Oscars 2017: Viola Davis Wins Best Supporting Actress for Fences

Viola Davis‘ historic bid for her first Academy Award came to a close Sunday night, capping off with the actress winning a gilded statuette amid a monumental year for diversity in the awards race.

For her performance alongside Denzel Washington‘s in the big-screen adaptation of August Wilson Fences translating for the big screen the same stage role that won her a 2010 Tony Award, Davis triumphed in the Best Supporting Actress category, joining the likes of Hattie McDaniel, Whoopi Goldberg, Jennifer Hudson, Mo’Nique, Octavia Spencer and Lupita Nyong’o as one of only seven black actresses to have won the same award since the Academy’s inaugural ceremony in 1929.

Davis, 51, had a champion in Oprah Winfrey, who tweeted her congratulations to the actress moments before Davis took to the stage.

After thanking the Academy, Davis launched into her emotionally charged speech.

“There’s one place that all the people with the greatest potential are gathered. One place—and that’s the graveyard,” she began. “People ask me all the time, ‘What kind of stories do you want to tell, Viola?’ And I say, ‘Exhume those bodies, exhume those stories—the stories of the people who dreamed big and never saw those dreams to fruition. People who fell in love and lost.’ I became an artist and thank god I did, because we are the only profession that celebrates what it means to live a life.”

In addition to honoring the film’s late screenwriter, she thanked the producers—including her costar, Washington.

“Oh captain, my captain; Denzel Washington, thank you for putting two entities in the driving seat: August and God. They served you well.”

She capped off the stunning speech with kind words to her parents, Dan and Mary Alice, whom she describes as “the center of my universe. The people who taught me good or bad, how to fail, how to love, how to hold an award, and how to lose…I’m so thankful god chose you to bring me into this world.”

By the time she left the stage, there was barely a dry eye in the auditorium—a fact that was duly noted by host Jimmy Kimmel. “Viola Davis, she just got nominated for an Emmy for that speech, it was so good,” he cracked.

Davis’ win was praised by Jessica Chastain, her costar in 2011’s The Help. Chastain was nominated for Best Supporting Actress herself for the film (she lost to costar Octavia Spencer).

On Jan. 24, Davis became history’s first black actress to amass three Oscar nominations across the performative categories, having been nominated for her work in 2011’s The Help and 2008’s Doubt in the past.

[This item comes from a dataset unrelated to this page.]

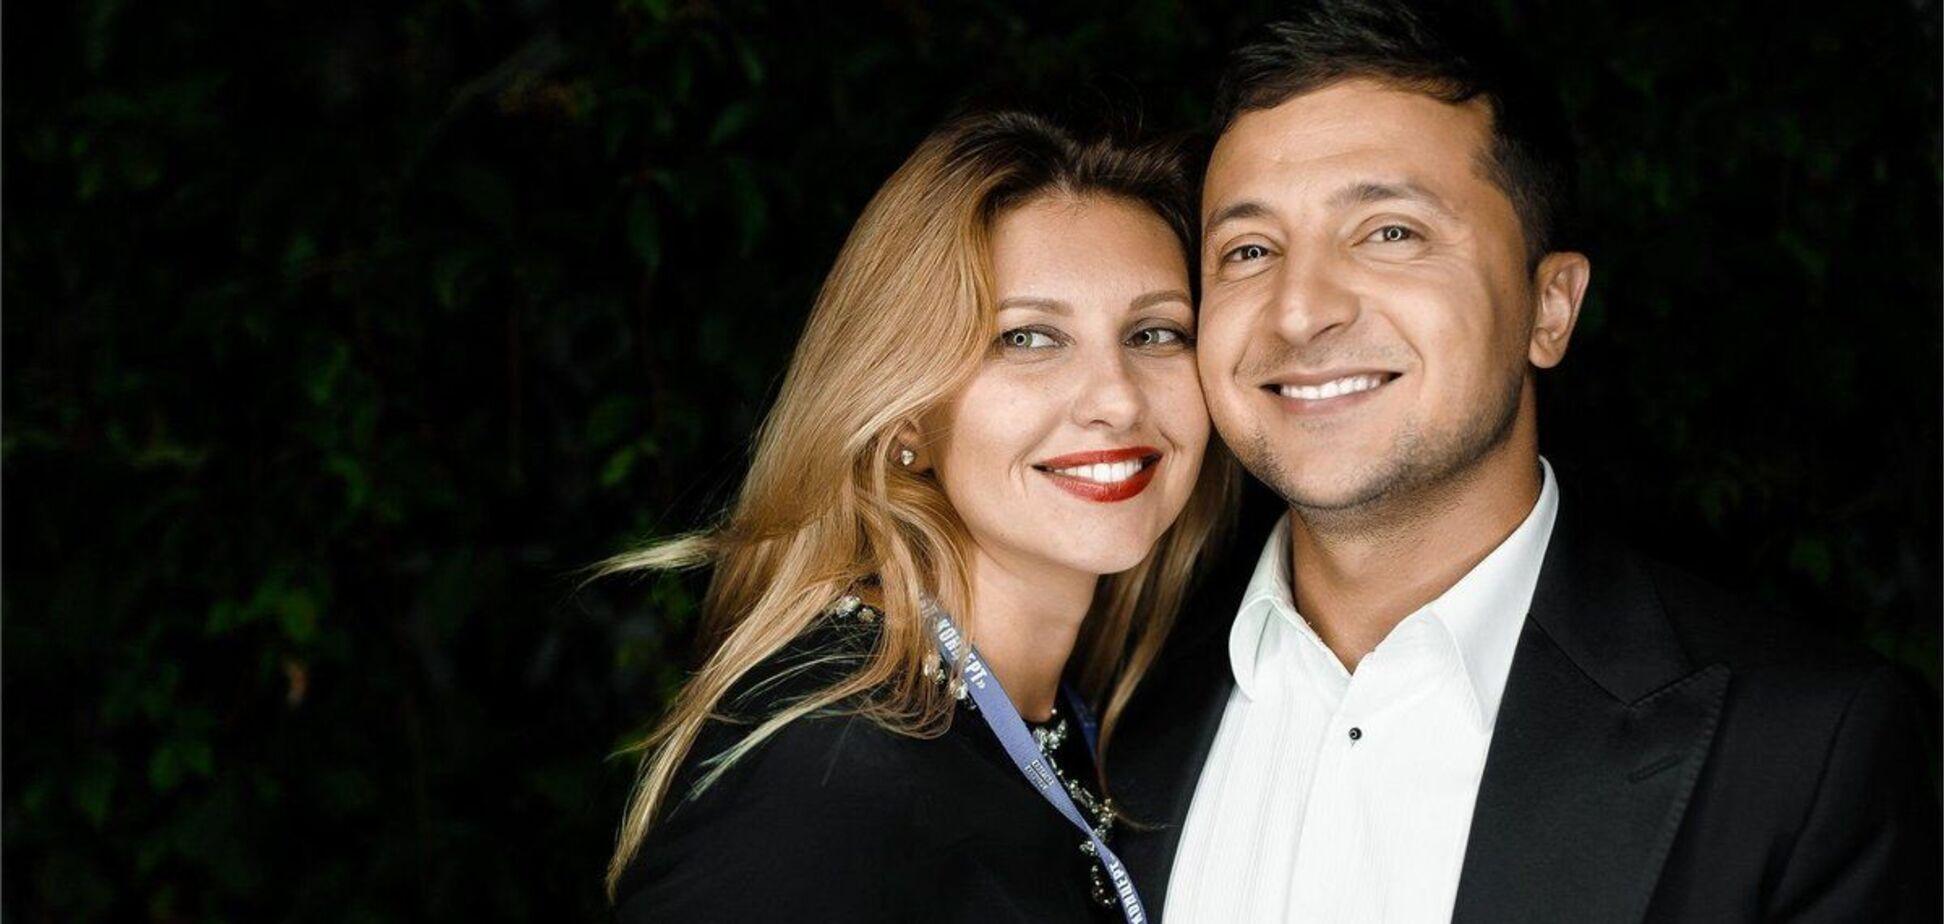 Зеленская трогательно поздравила мужа с днем рождения и поделилась фото

This year, for the first time since 2006, women of color made up the majority of the Academy’s best supporting actress category. On Oscar nominations morning, Davis’ fellow nominee (and costar in The Help), Octavia Spencer, secured a nod for her performance in Hidden Figures, becoming the first black actress to nab a follow-up nomination after previously winning an Academy Award.

Davis also beat out Moonlight‘s Naomie Harris, previous winner Nicole Kidman (Lion) and four-time nominee Michelle Williams (Manchester by the Sea). On the precursor circuit, Davis emerged as the contender to beat, having taken major prizes from several critics groups and industry awards bodies. Her 2016-2017 awards haul includes an NAACP Image Award, a BAFTA Award, a Critics Choice Award, a Golden Globe and a Screen Actors Guild Award, among others.

In the Best Picture-nominated drama Fences, Davis plays Rose Maxson, the resilient yet emotionally scarred wife of Troy (Washington), an aging sanitation worker and former Negro League baseball player who spends his days lamenting the past and cursing the present as he grapples with momentary vices while maintaining a family in 1950s Pittsburgh.

“She’s a woman who sacrificed a huge part of her dreams, her needs, and her desires to make her family work,” Davis told EW about the character. “And when everything comes crashing down, her response, her fight, is every woman’s fight. There’s nothing that she does in this piece that is not relatable.”

The 89th Annual Academy Awards, hosted by Jimmy Kimmel, are airing live from Los Angeles on ABC.